HHS allocates $42.3 million reprogrammed Ebola funds to Zika fight
The U.S Department of Health and Human Services’ allocated $42.3 million in what was once funding to battle Ebola toward the pressing Zika fight.
The White House announced this spring that it would reprogram some $589 million that was previously earmarked for Ebola response. And HHS $42.3 million comes as the number of Zika-infected patients in Miami passed 10, the Centers for Disease Control and Prevention issued a travel warning to the area, and many people are blaming Congress for not acting earlier to fund Zika work.
HHS Office of the Assistant Secretary for Preparedness and Response (ASPR) Biomedical Advanced Research and Development Authority (BARDA) said that it is putting $37.2 million to create Zika blood screening tests, diagnostics, technologies for reducing pathogens and ultimately vaccines and working with private sector entities.
BARDA is supporting the development of tests that screen for Zika virus in the blood supply and is helping to assure the availability of blood samples developers need to test the accuracy of Zika diagnostics. The division also is working with federal partners on vaccine development to protect against Zika virus infections. With this award, ASPR/BARDA has obligated $37.2 million of HHS reprogrammed Ebola funds to develop Zika vaccines, diagnostics, blood screening tests, and pathogen reduction technologies through private sector partners.
HHS also awarded $5.1 million to Seattle-based InBios International for continued development of a blood test that will reduce the result time from days to hours.

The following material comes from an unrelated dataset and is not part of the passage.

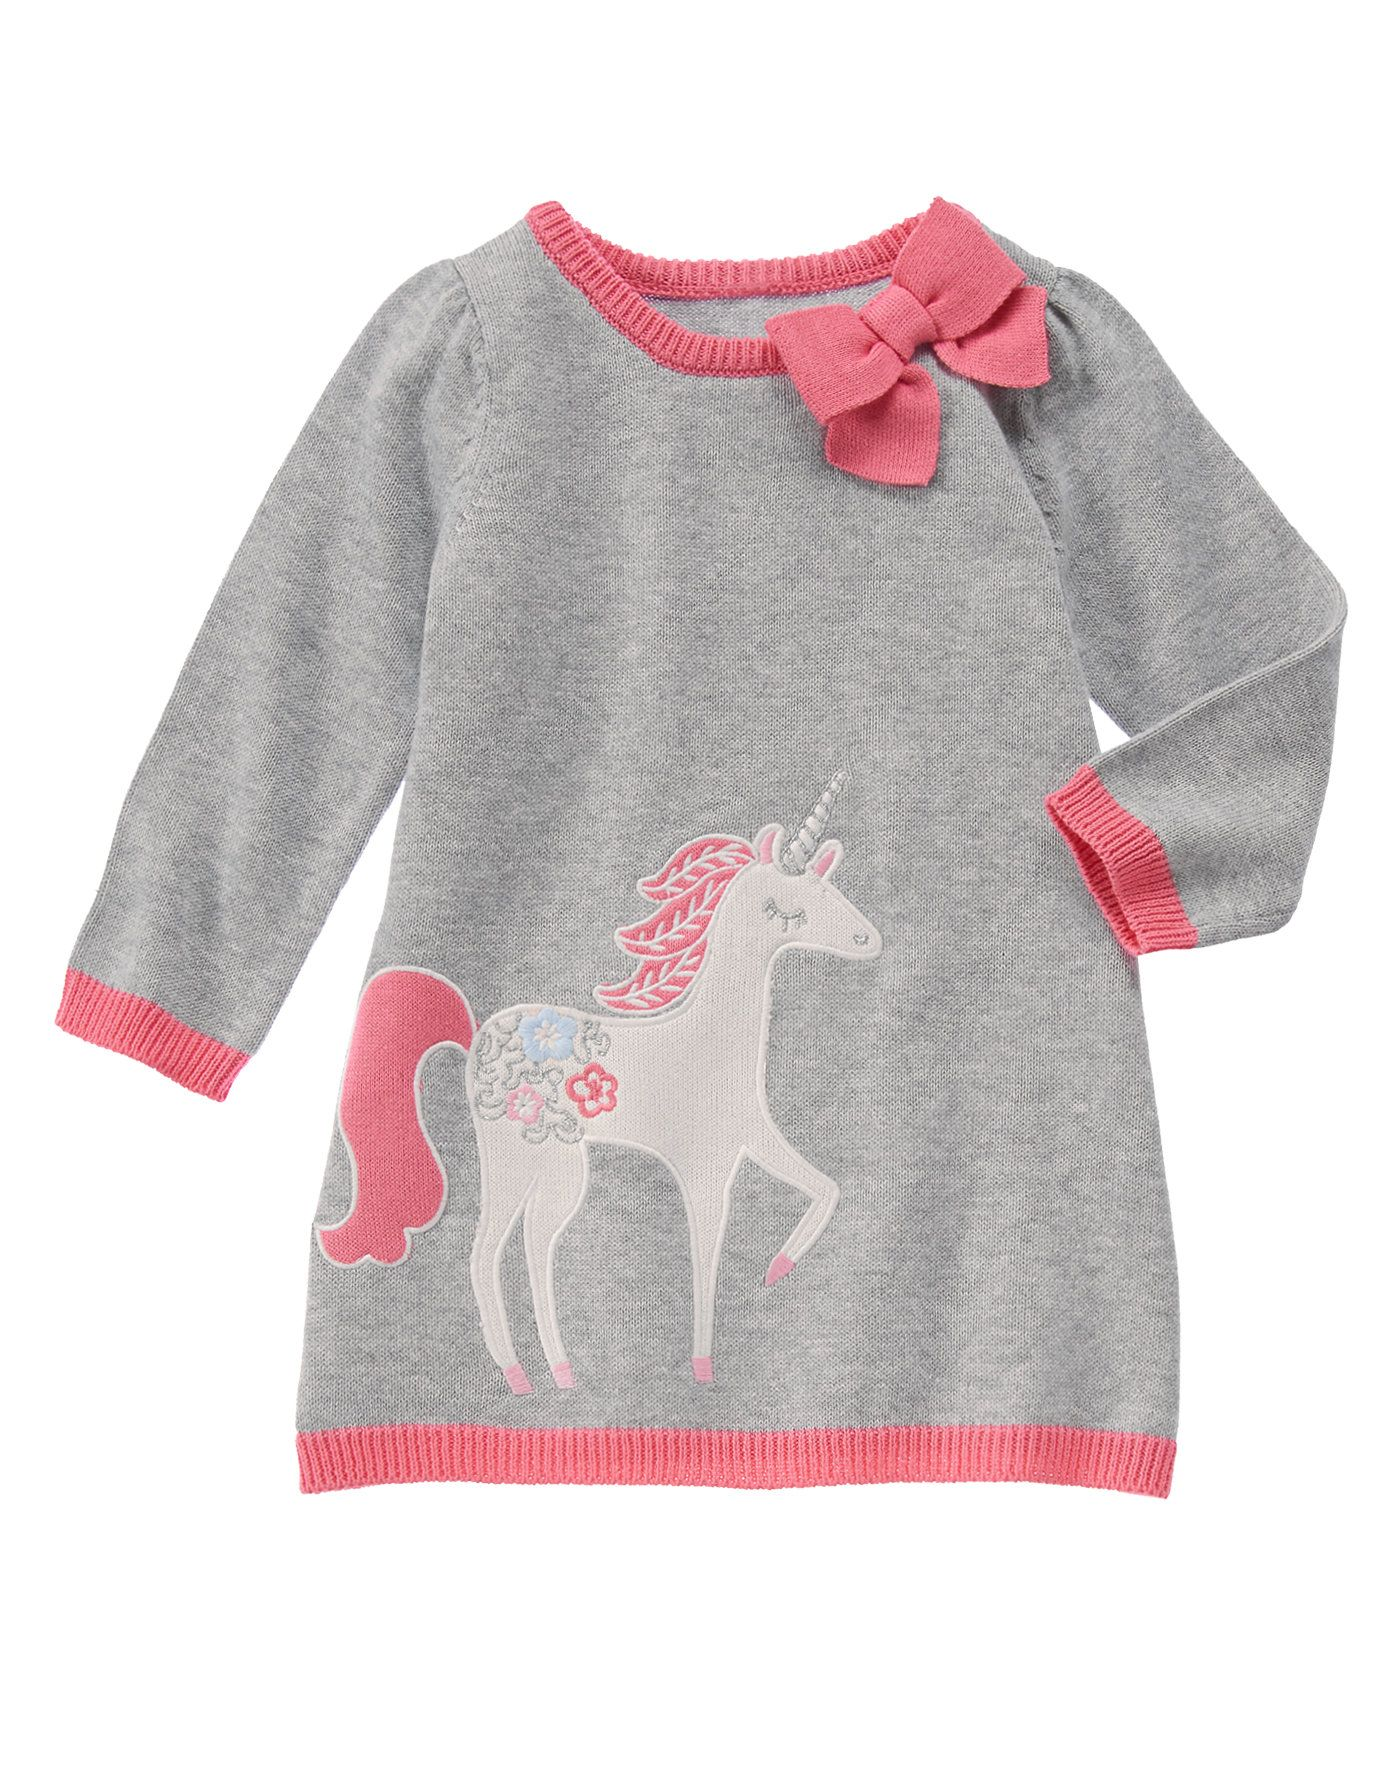 8fcddd2f6b32 Unicorn Sweater Dress Unicorn Dress Toddler, Unicorn Kids, Toddler Sweater  Dress, Unicorn Horse

The funding will be provided with a two-year contract with HHS Office of the Assistant Secretary for Preparedness and Response (ASPR) Biomedical Advanced Research and Development Authority (BARDA) to support refinement of InBios’ serological test able to detect a Zika virus-specific Immunoglobin M - the antibodies produced by the immune system’s response to the virus. Antibodies can be detected about a week after infection and remain in the blood for up to three months.

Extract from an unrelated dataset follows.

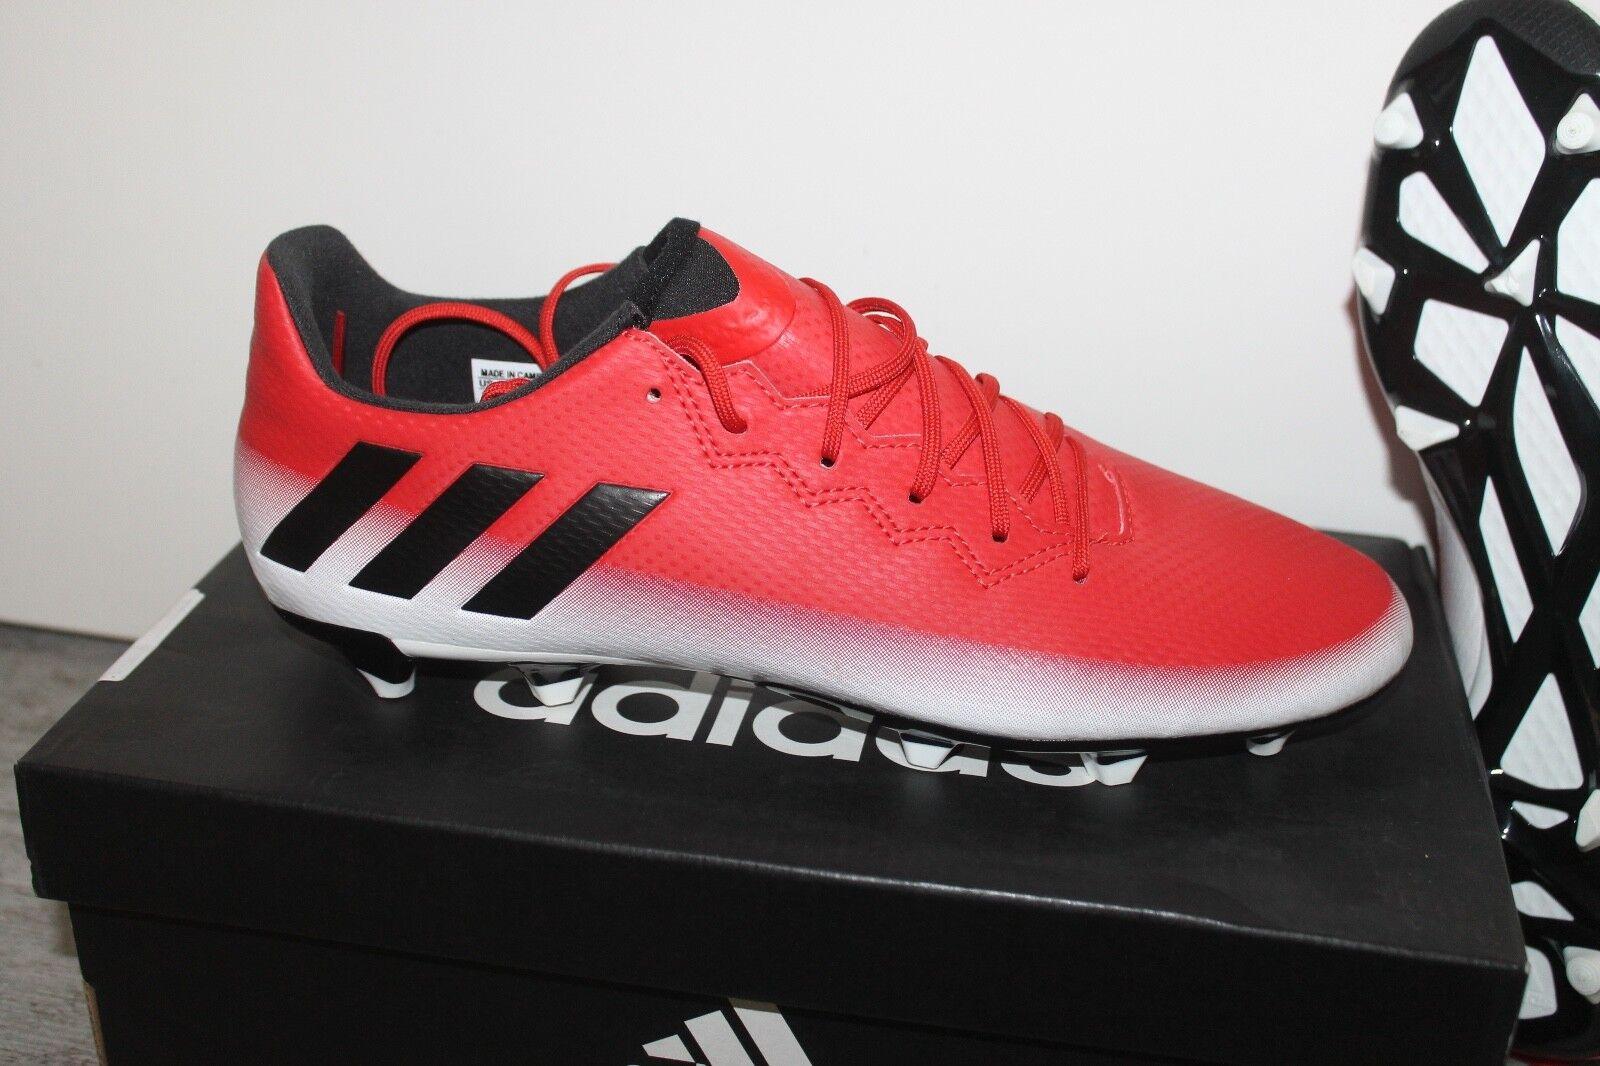 92e786f232b Adidas Messi 16.3 FG Fútbol Hombre leva Todos Las sizes red whiteo black  NUEVO

The funds will also support the test’s design, manufacturing preparations and clinical studies, according to the release. HHS can extend the agreement with InBios for additional work through 2021 with up to a total of about $9.5 million.
“Most people with Zika virus infections do not have symptoms, which makes diagnostics critical in identifying cases, treating patients and protecting public health,” BARDA Acting Director Richard Hatchett said in a statement. “We’re collaborating with other federal and industry partners to identify additional promising candidates for development, so that diagnostics and other medical products needed in this public health crisis become available as quickly as possible.”

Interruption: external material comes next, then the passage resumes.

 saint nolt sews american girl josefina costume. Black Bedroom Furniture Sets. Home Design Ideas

During the development, InBios can apply for emergency use authorization from the FDA, prior to full FDA authorization.
The only other serological test designed for early detection of Zika infections was developed by the Centers for Disease Control and Prevention, according to the announcement. However, it’s only issued under emergency authorization by the FDA. Further, CDC’s serological test takes two to three days for results and can only be administered in CDC-designated qualified laboratories.